### Problem requirements:
Give the data again word for word; drop the pictures.

### Given data:
----
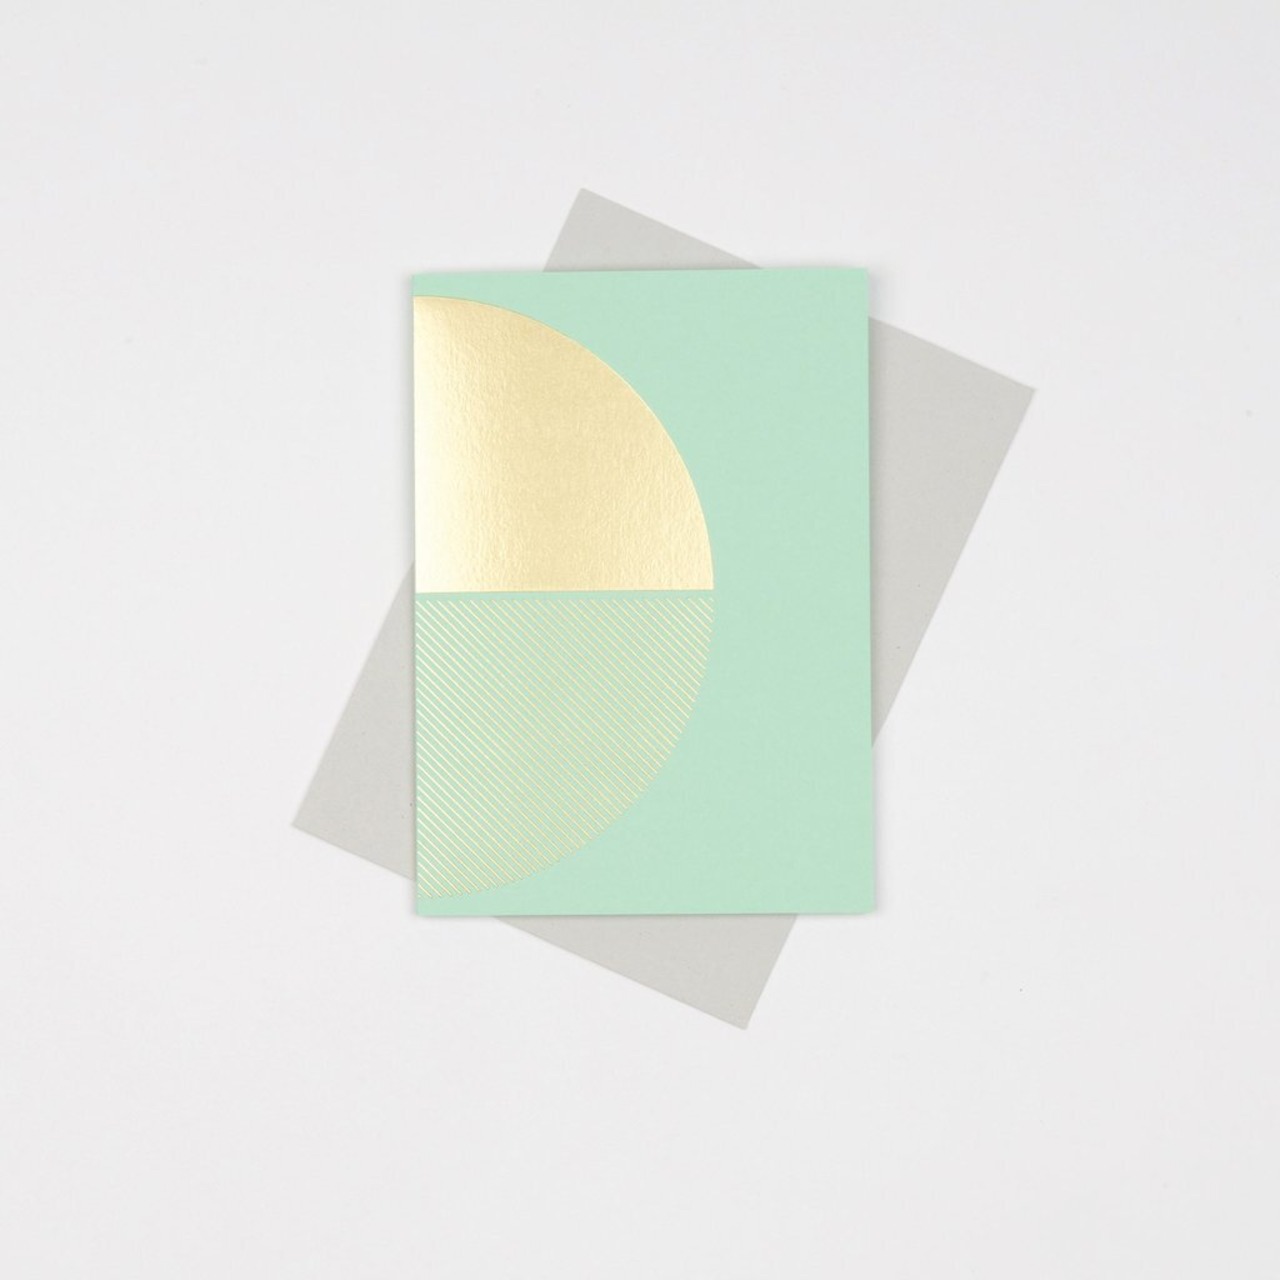 ⚫︎TOM PIGEON/Reflex card Brass Mint
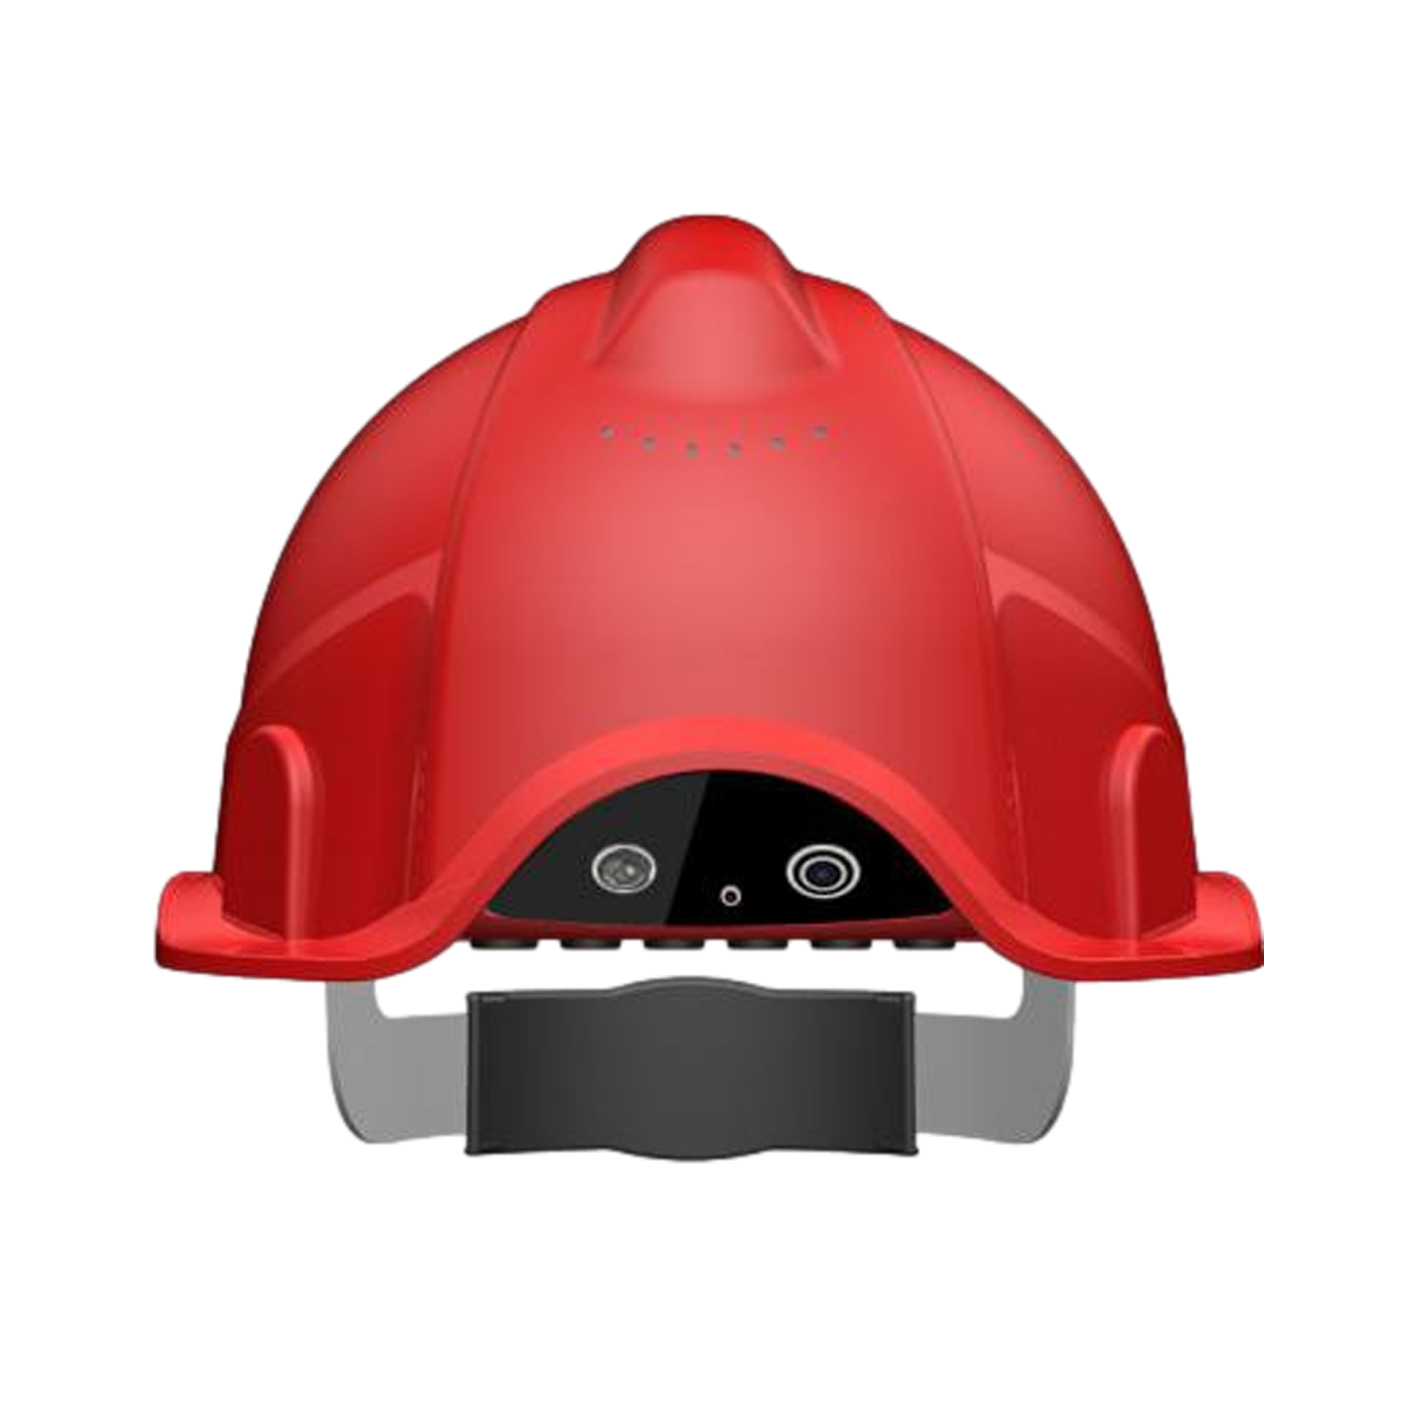 智能安全帽 高空作业安全帽智能高空防坠安全帽 工人空间定位安全帽 智能分析 语音提醒 移动巡检 智能安全帽 高空作业安全帽
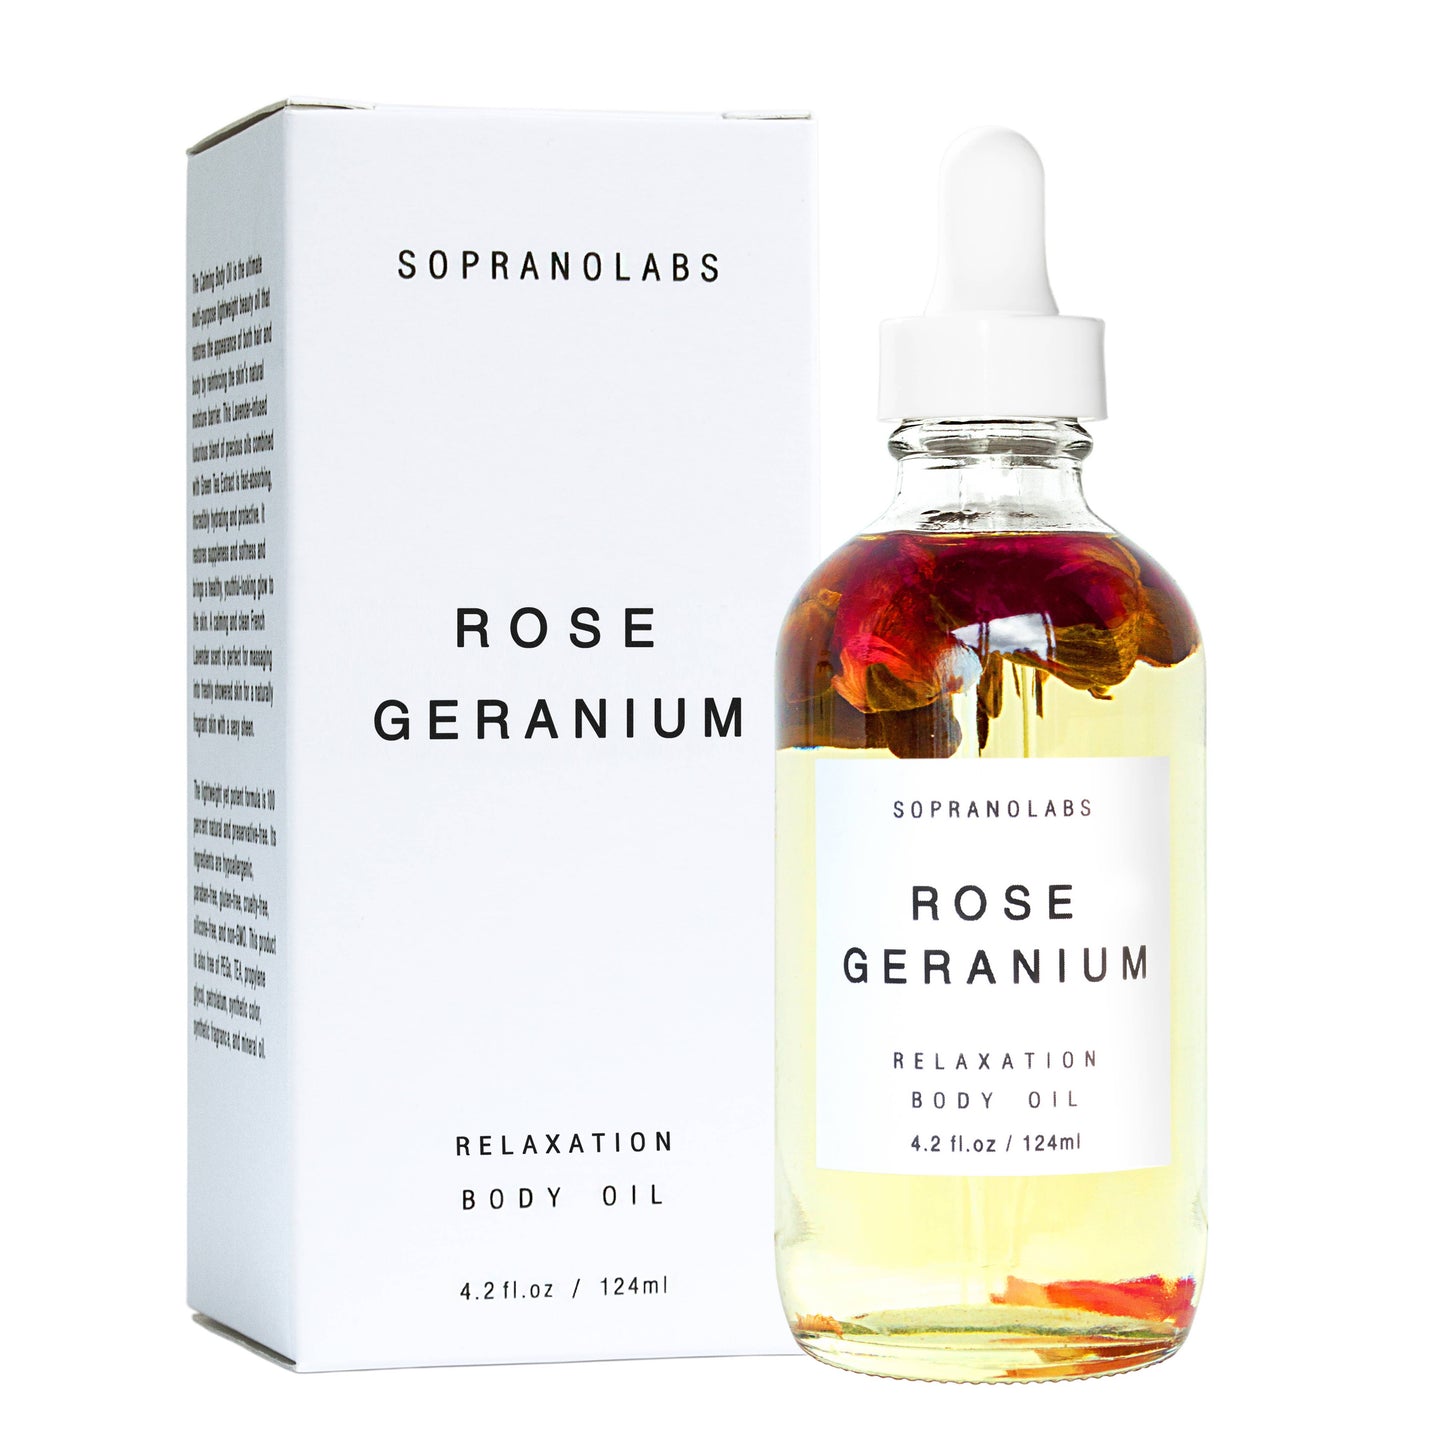 Rose Geranium Body Oil. SPA Gift for her
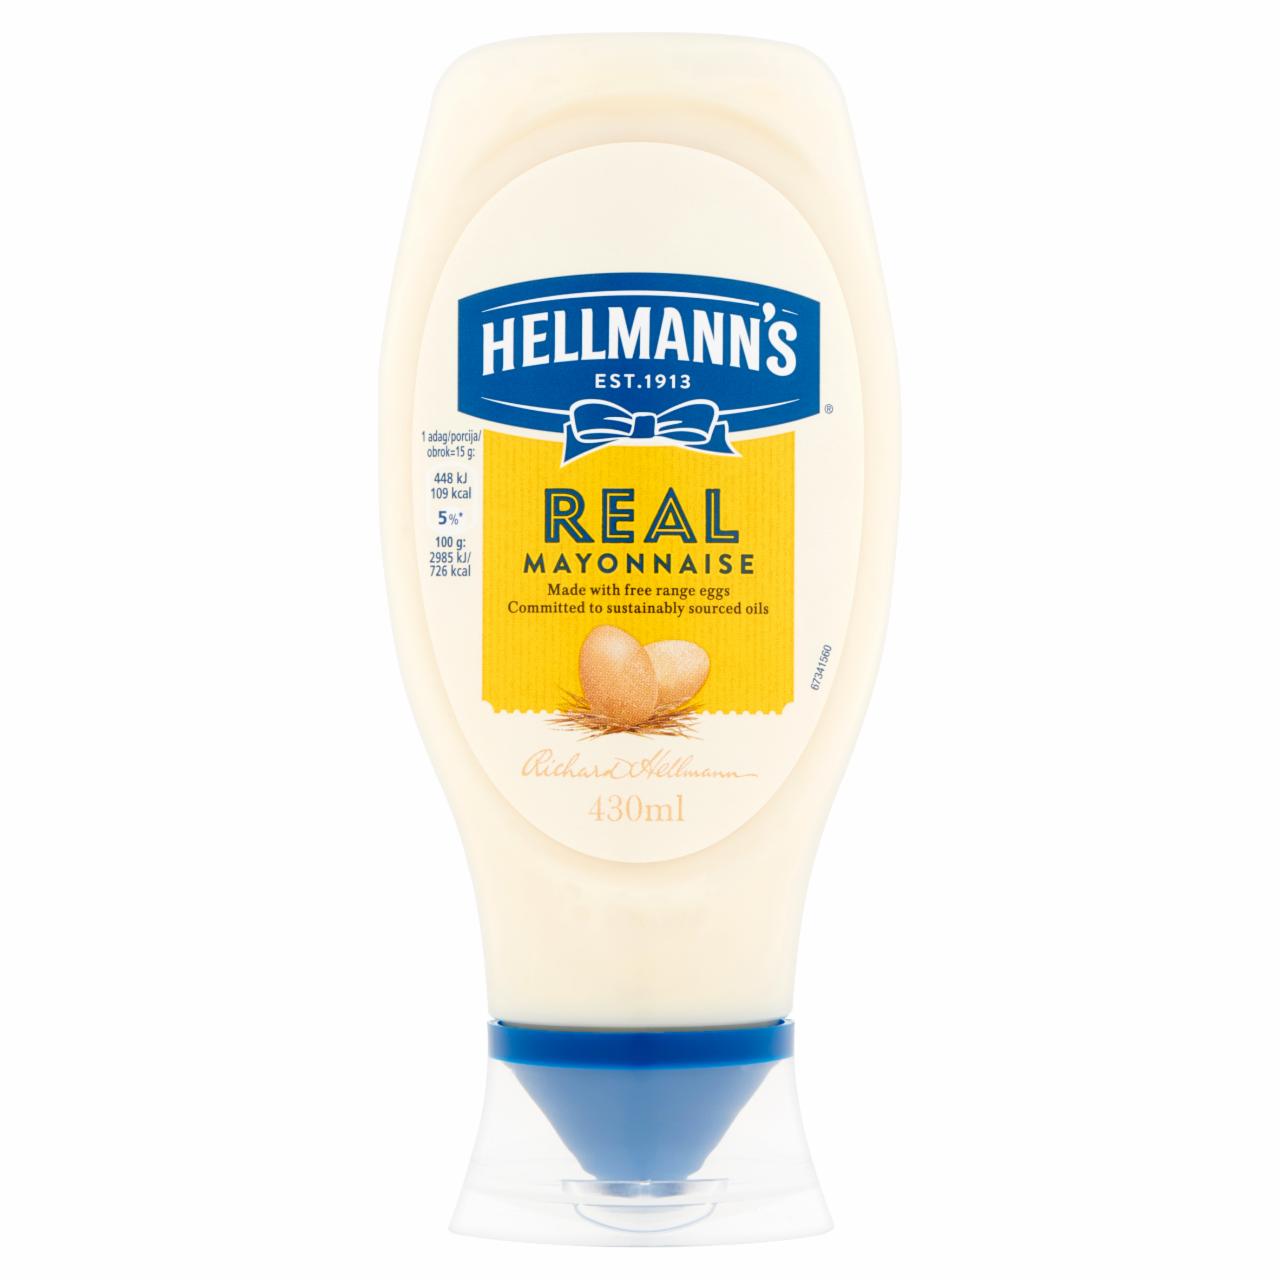 Képek - Hellmann's majonéz 430 ml
----
### Result below:
 ⚫︎TOM PIGEON/Reflex card Brass Mint
 智能安全帽 高空作业安全帽智能高空防坠安全帽 工人空间定位安全帽 智能分析 语音提醒 移动巡检 智能安全帽 高空作业安全帽
 Rose Geranium Body Oil. SPA Gift for her
 Képek - Hellmann's majonéz 430 ml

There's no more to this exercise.